>>>>

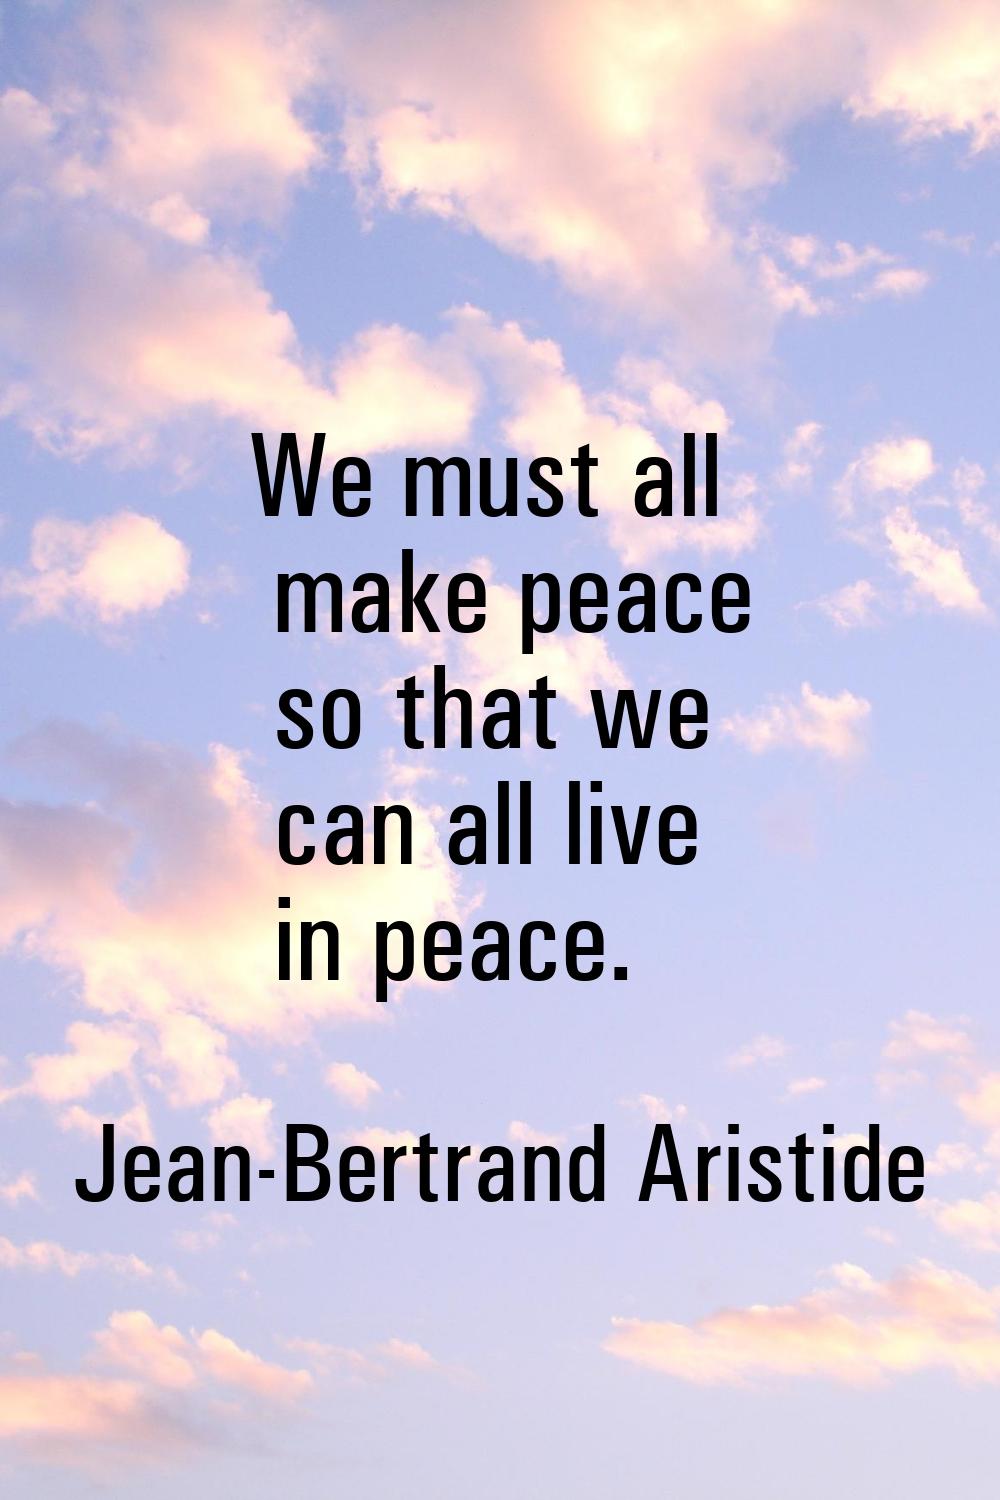 We must all make peace so that we can all live in peace.
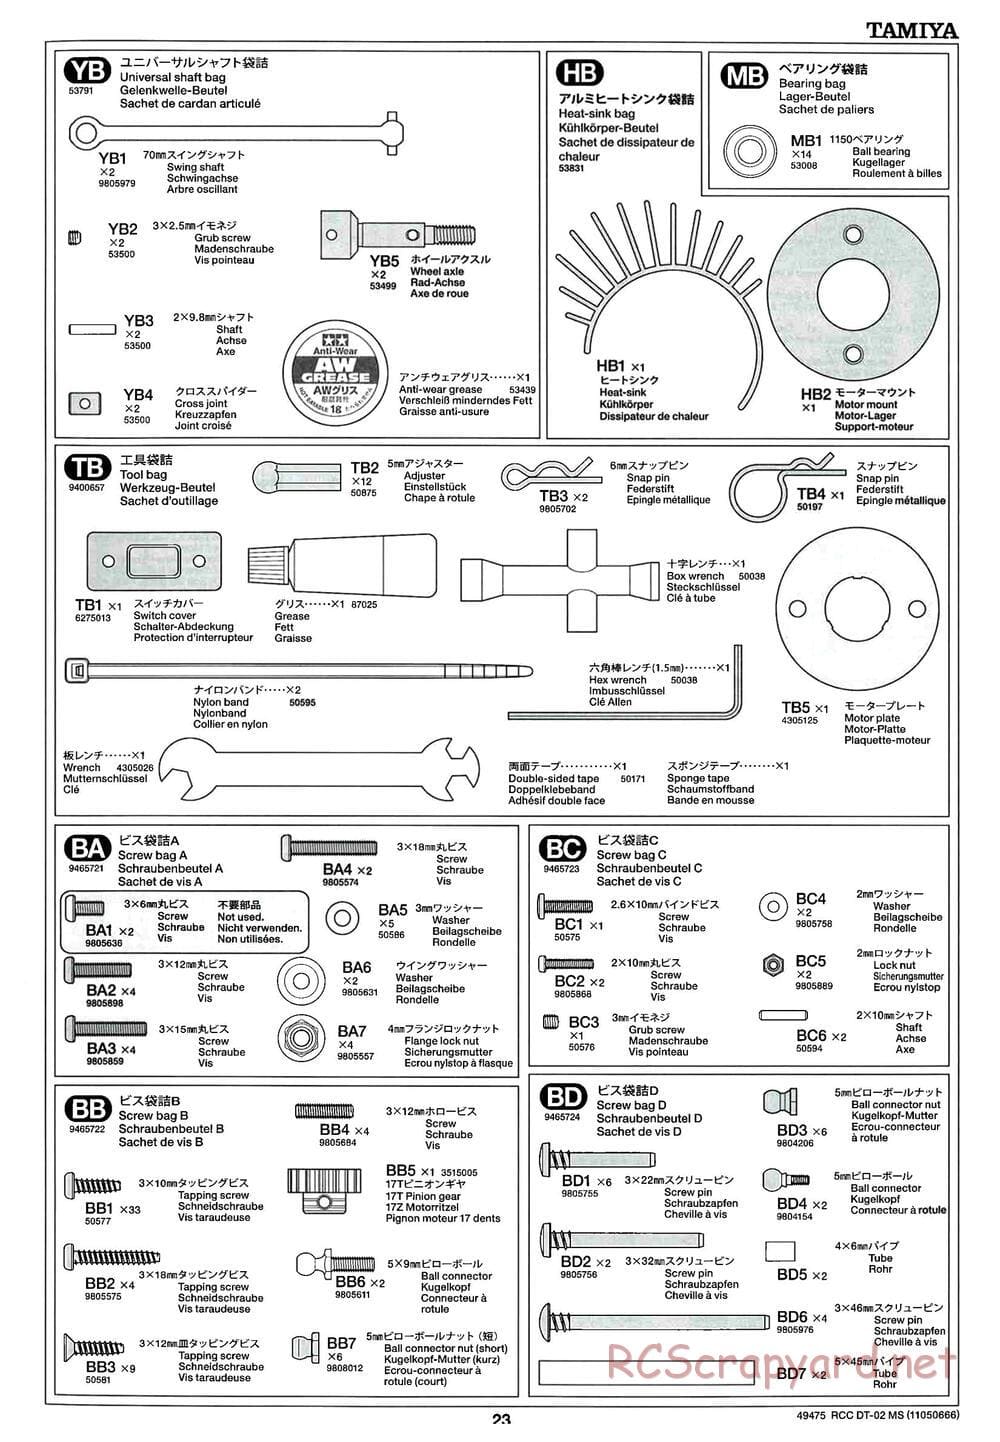 Tamiya - DT-02 MS Chassis - Manual - Page 24
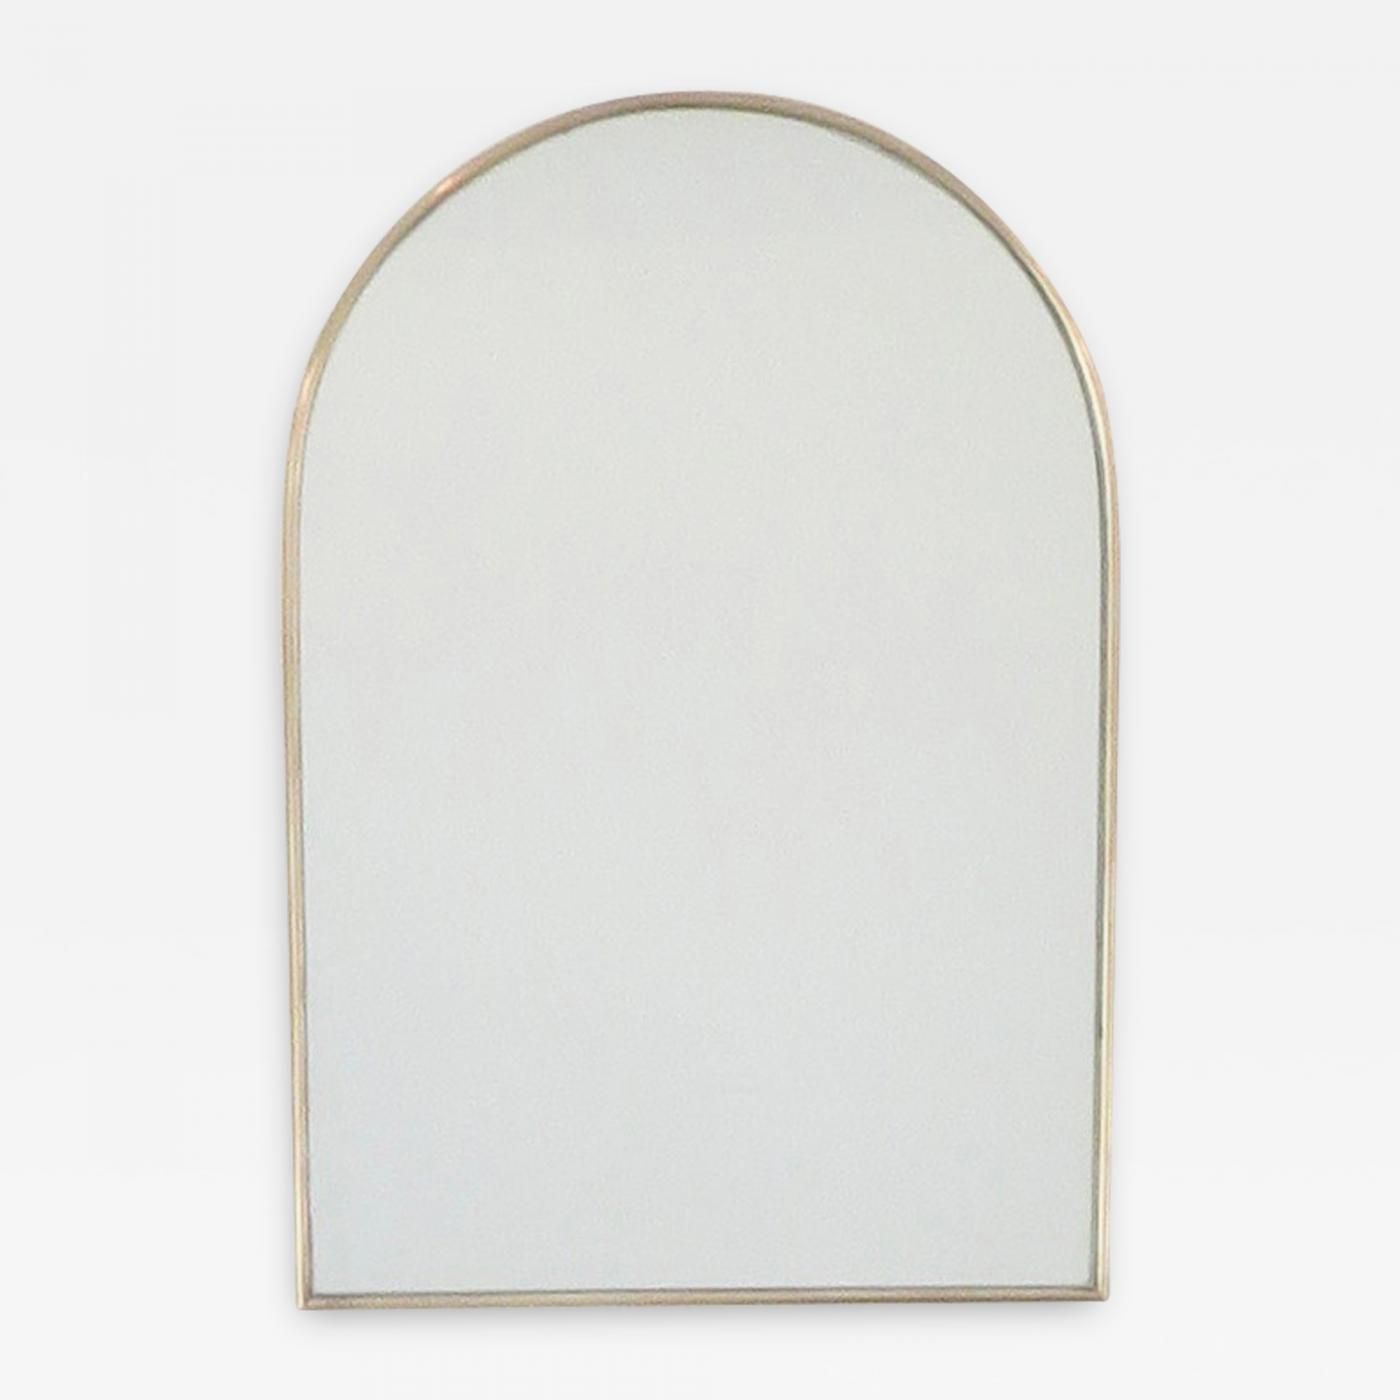 Italian Brass Framed Wall Mirror Arch Top With Regard To Bronze Arch Top Wall Mirrors (View 12 of 15)
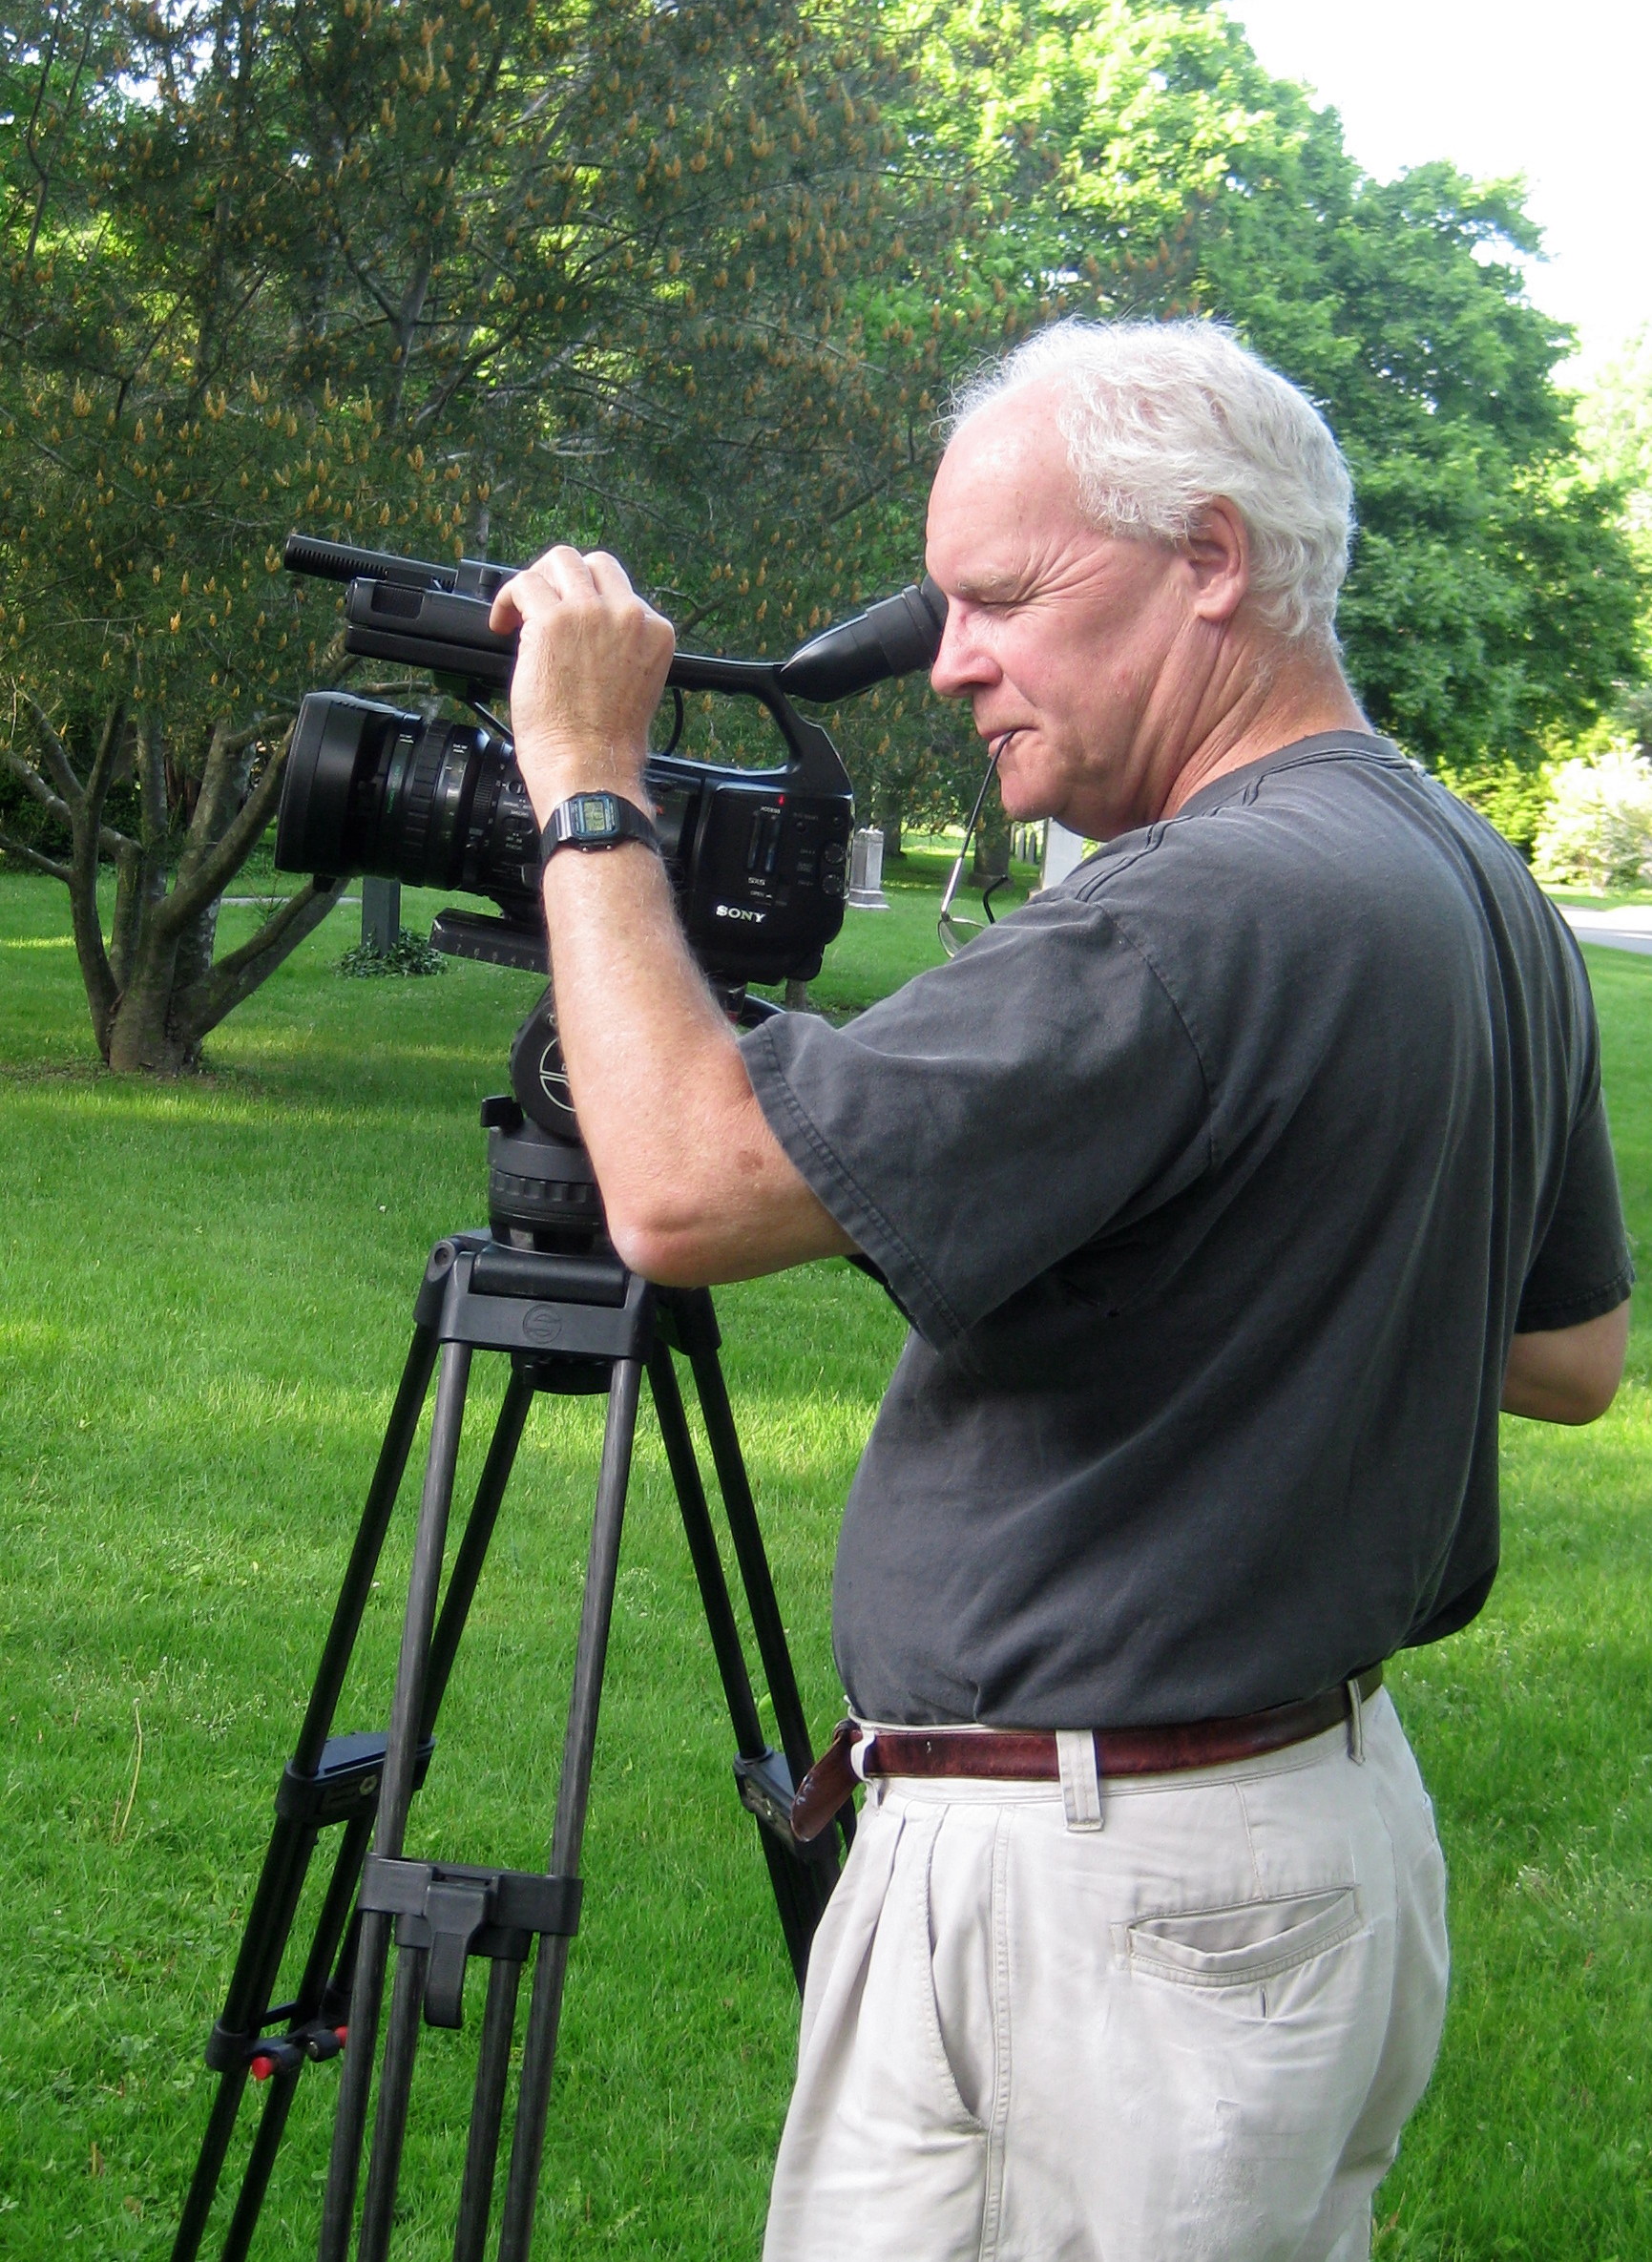 Director/Cinematographer Ross Spears filming at Mt. Auburn Cemetery in Cambridge, MA during the making of THE TRUTH ABOUT TREES in 2012.

<<<<

## ASSIGNMENT
Your copy should start at the line with "Tamiya - DT-02 MS Chassis - Manual - Page 24", stop at the last line of the listing above, match exactly, and contain no pictures.

## RESULT
 Tamiya - DT-02 MS Chassis - Manual - Page 24
 Italian Brass Framed Wall Mirror Arch Top With Regard To Bronze Arch Top Wall Mirrors (View 12 of 15)
 Director/Cinematographer Ross Spears filming at Mt. Auburn Cemetery in Cambridge, MA during the making of THE TRUTH ABOUT TREES in 2012.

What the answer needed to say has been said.